── The data ──
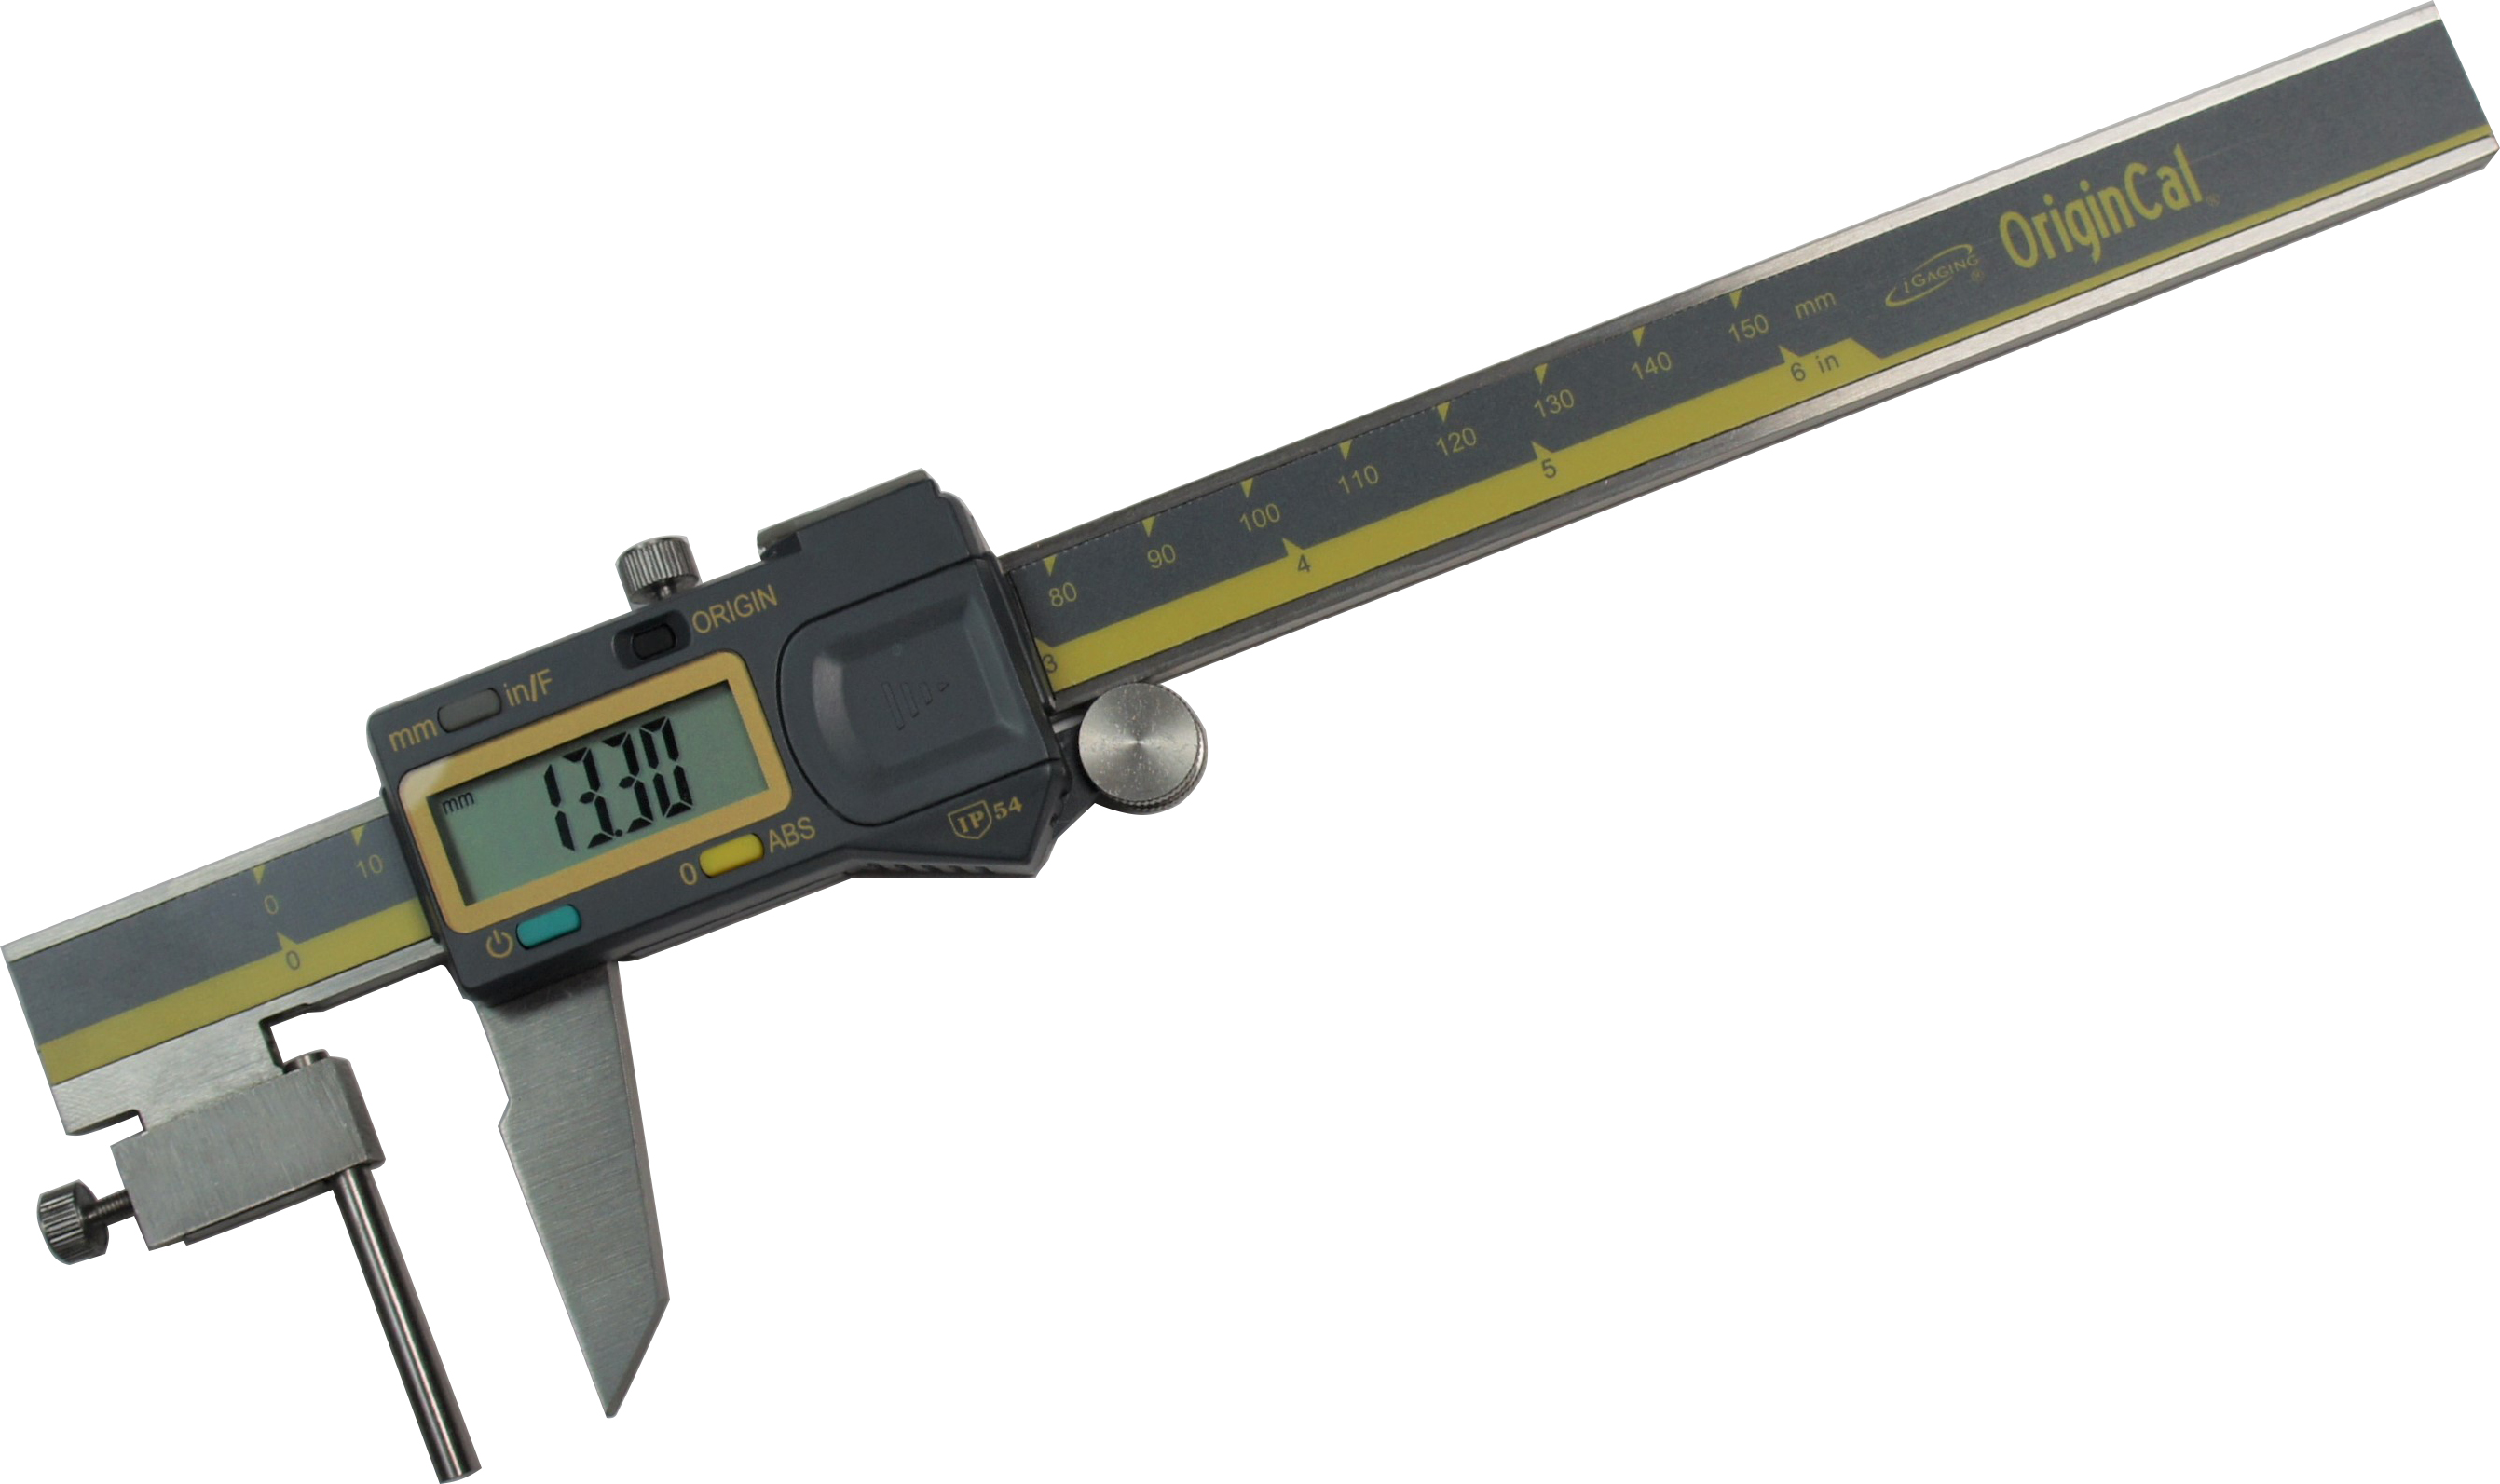 iGaging 100-700-36 Digital Pipe/Tube Thickness Caliper, Absolute Inch/mm/Fraction
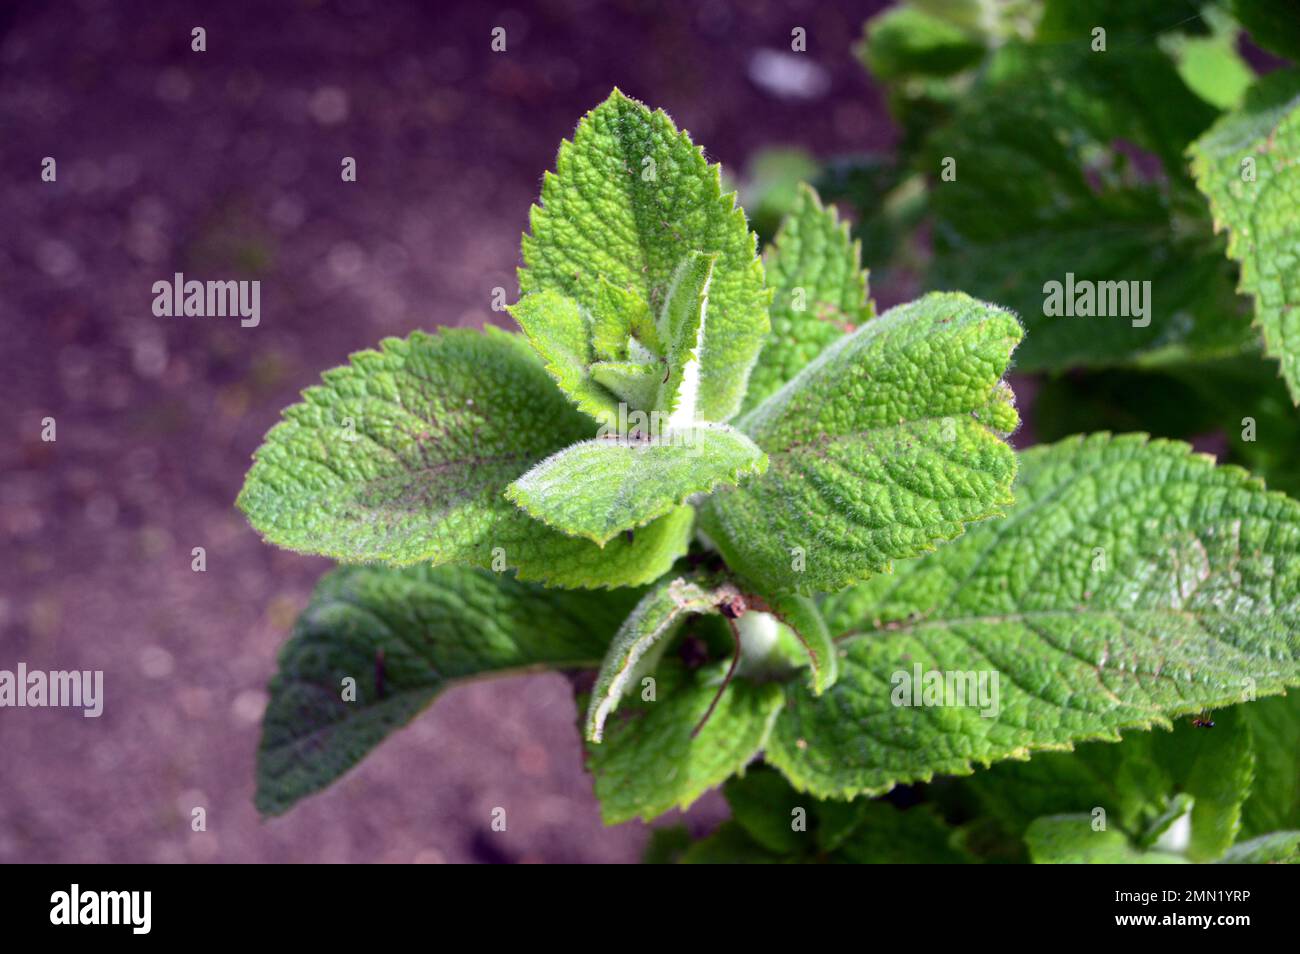 Apple Mint Leaves (Mentha Suaveolens) grown in a Raised Bed in the Herb Garden at RHS Garden, Harlow Carr, Harrogate, Yorkshire. UK. Stock Photo
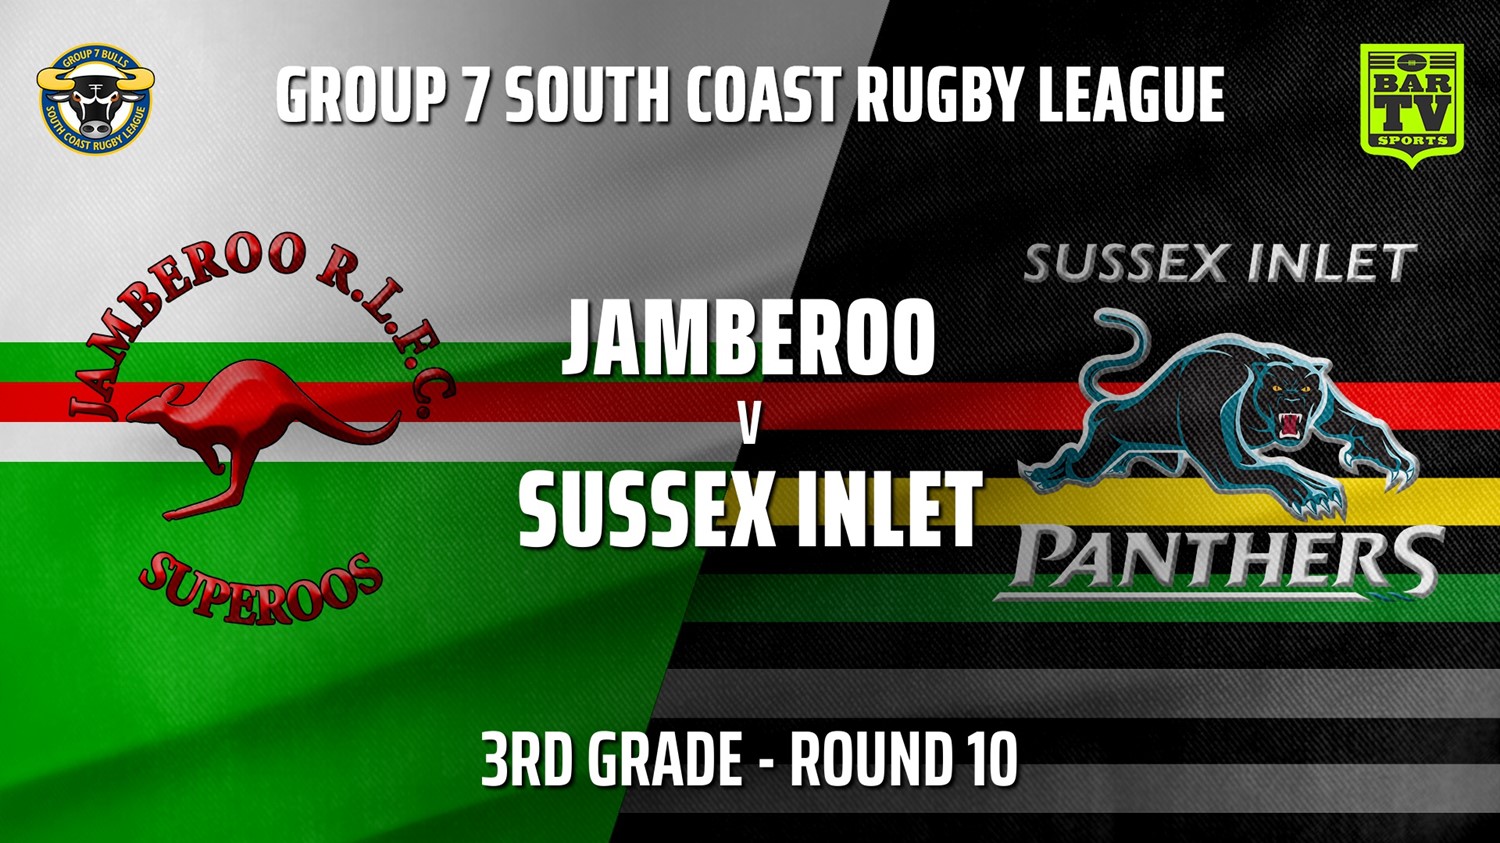 210619-South Coast Round 10 - 3rd Grade - Jamberoo v Sussex Inlet Panthers Slate Image
───
Exercise instructions: Print the full listing above exactly. Pictures stay out of the copy.

Solution to this task:
 iGaging 100-700-36 Digital Pipe/Tube Thickness Caliper, Absolute Inch/mm/Fraction
 Apple Mint Leaves (Mentha Suaveolens) grown in a Raised Bed in the Herb Garden at RHS Garden, Harlow Carr, Harrogate, Yorkshire. UK. Stock Photo
 210619-South Coast Round 10 - 3rd Grade - Jamberoo v Sussex Inlet Panthers Slate Image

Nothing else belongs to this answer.